Excess weight places higher stress on your feet and ankles. And, you know how it puts you at risk for diabetes and heart disease (the leading killer of both men and women in the United States).
But eating healthy can be hard if you’re used to it. So, how do you get yourself to eat healthy when every ounce of your being would rather go and grab some McDonald’s fries instead?
Here’s what to look for:
1. You Could Have a Food Addiction
Yes, it is possible to get addicted to eating. You can get addicted to anything. There’s no shame in it. Usually, people have extreme trauma in their childhood that they don’t talk about and want to escape.
So, if you’re like millions of other Americans, you turn to an addiction to cover up those painful feelings. It’s a frequent response to overwhelming psychological pain, but you don’t need to feel embarrassed or afraid about it (even though you probably do).
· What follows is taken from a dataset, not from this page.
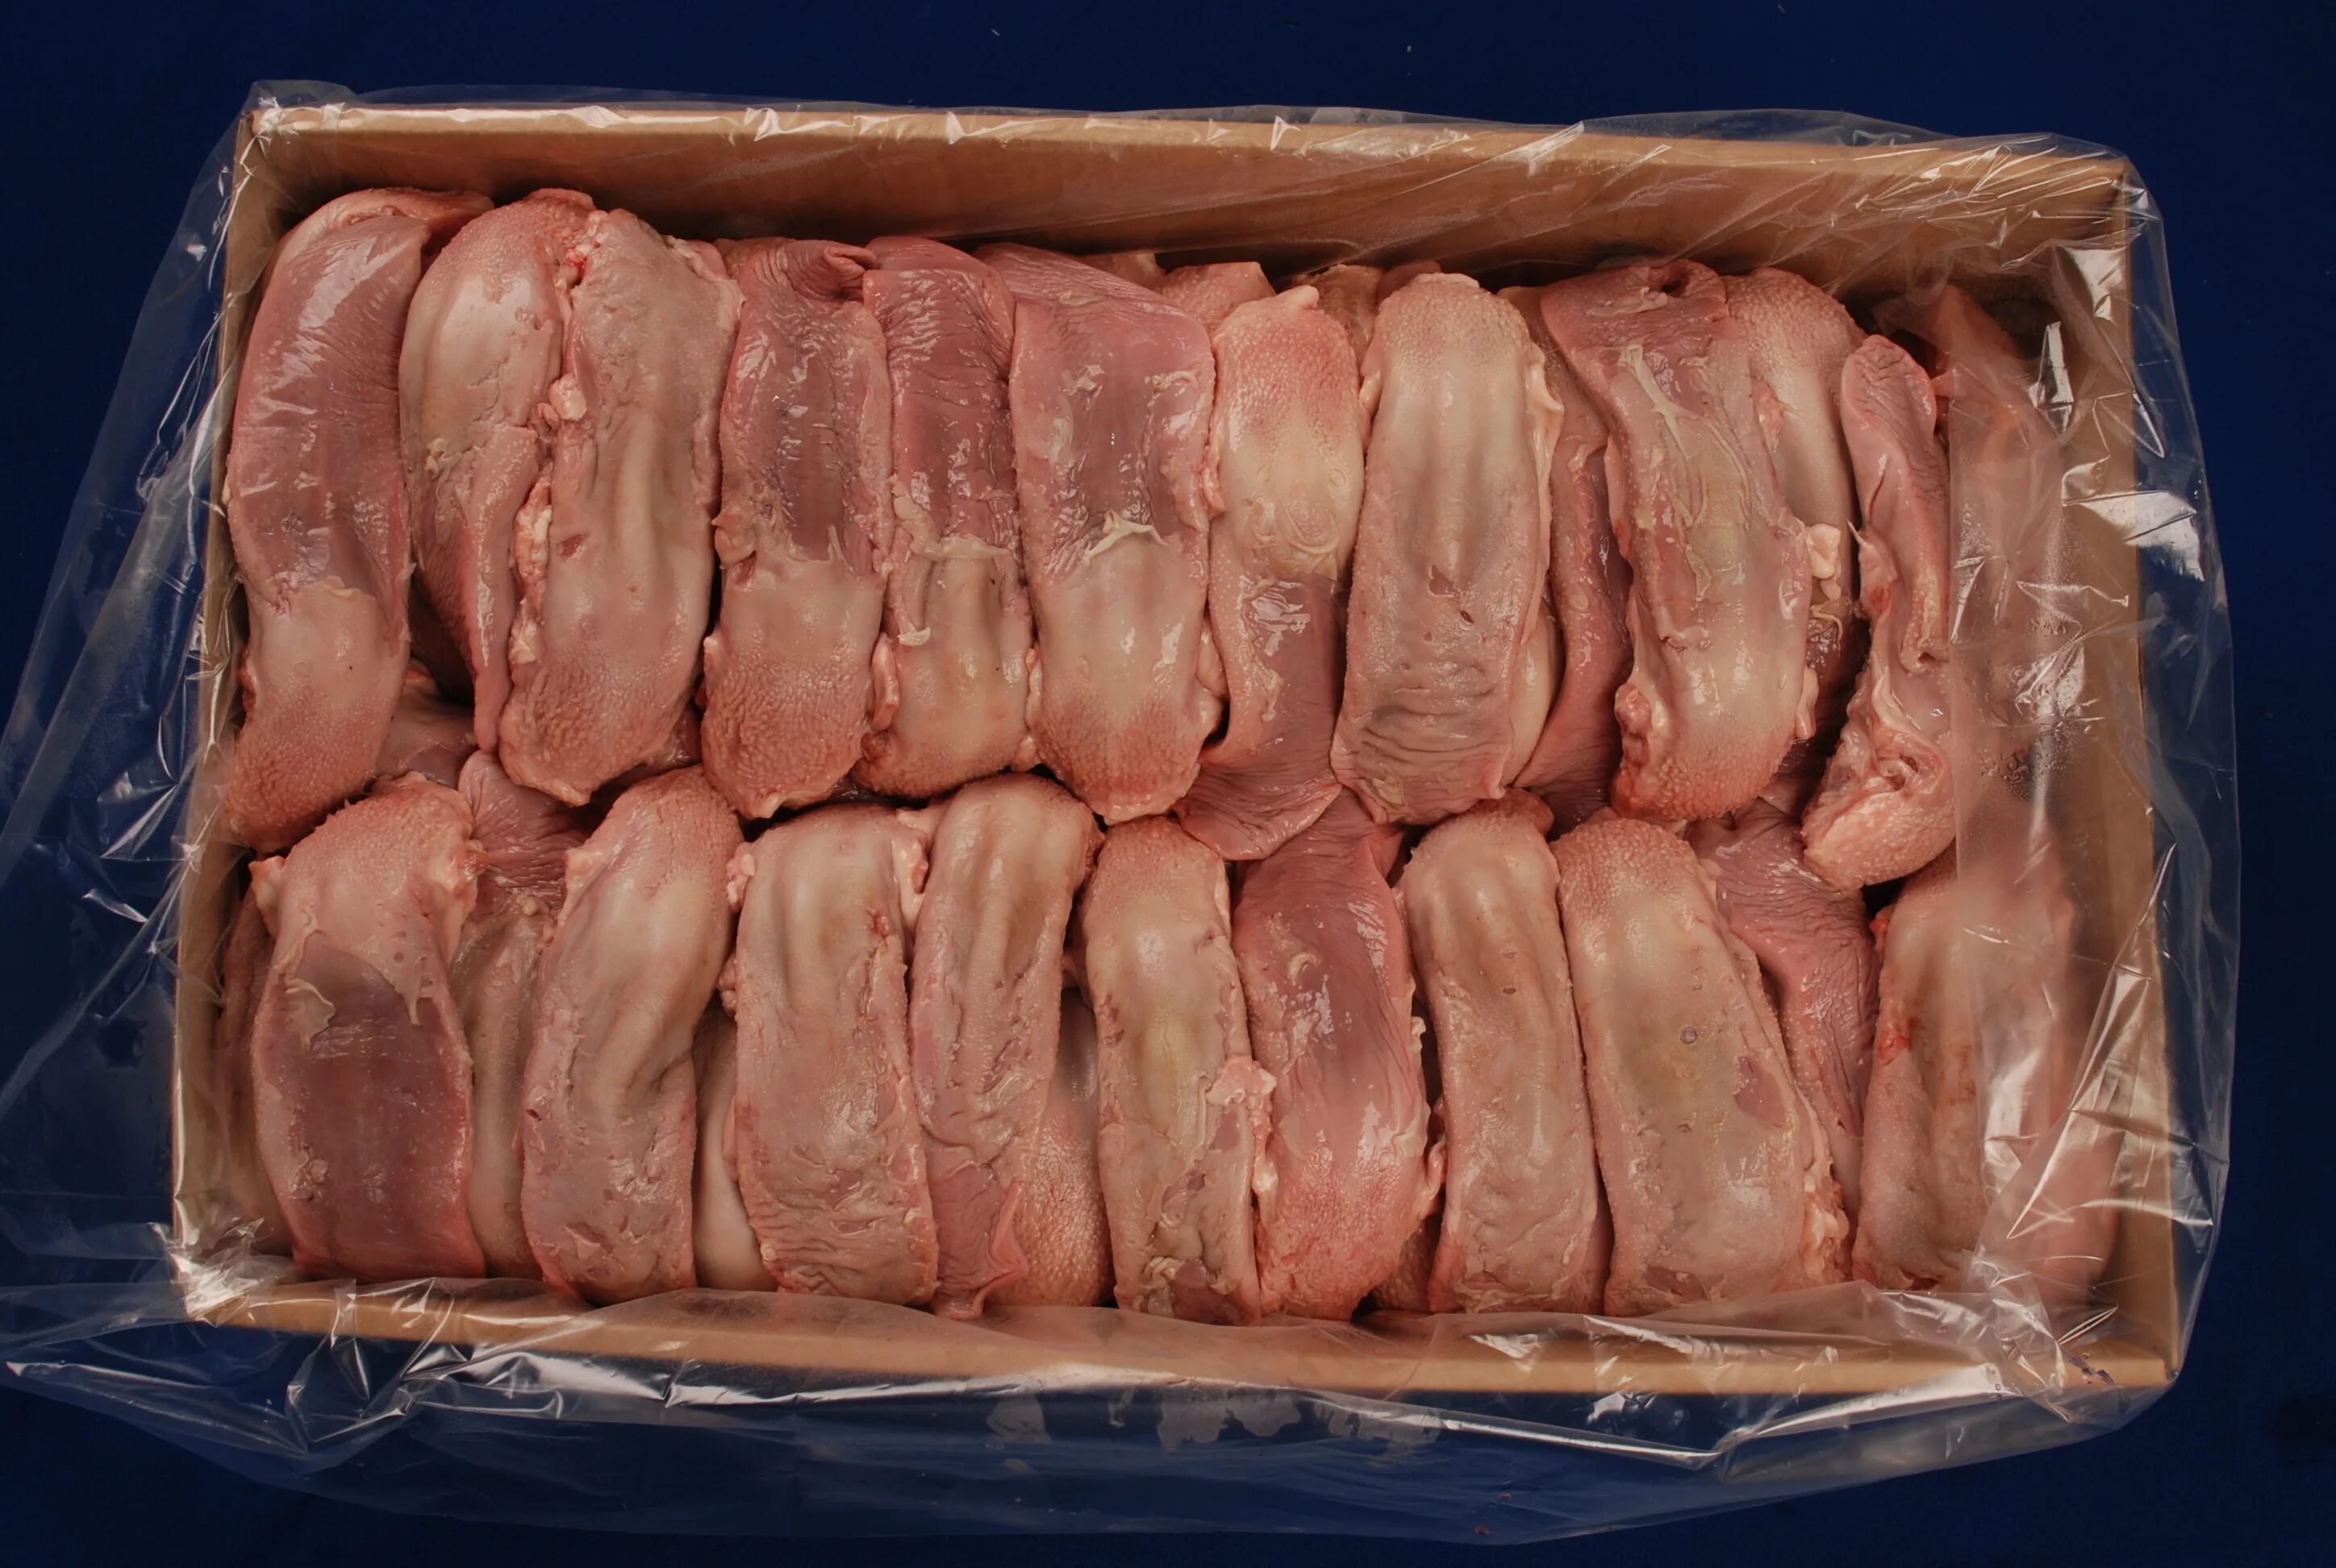 Купить мясо в нижнем новгороде. Раевский мясокомбинат Альшей-мясо. Язык свиной (замороженный).

If you’re concerned about your eating and have tried to make big changes but always find yourself returning to your old habits, you might be a compulsive overeater.
Overeaters anonymous offers a simple 15-question guide to help you decide if you suffer from compulsive overeating.
2. Create a Healthy Diet You Enjoy
If you don’t enjoy eating healthy, you won’t stick with it. It’s never going to work for you, or anyone else, to eat in a way that feels like torture.
But, you can absolutely find a way to eat healthy that you also look forward to. In general, experts today recommend avoiding simple carbohydrates, like the kind found in white flour or other light-colored grains.
Instead, minimize your carbohydrate intake. When you do eat carbs, indulge in darker-colored grains (like brown rice or blue corn chips).
With meat, focus on fish, chicken, and lean meats. Pile on the fruits and veggies. Avoid creamy dressings. Use olive oil instead of butter or margarine.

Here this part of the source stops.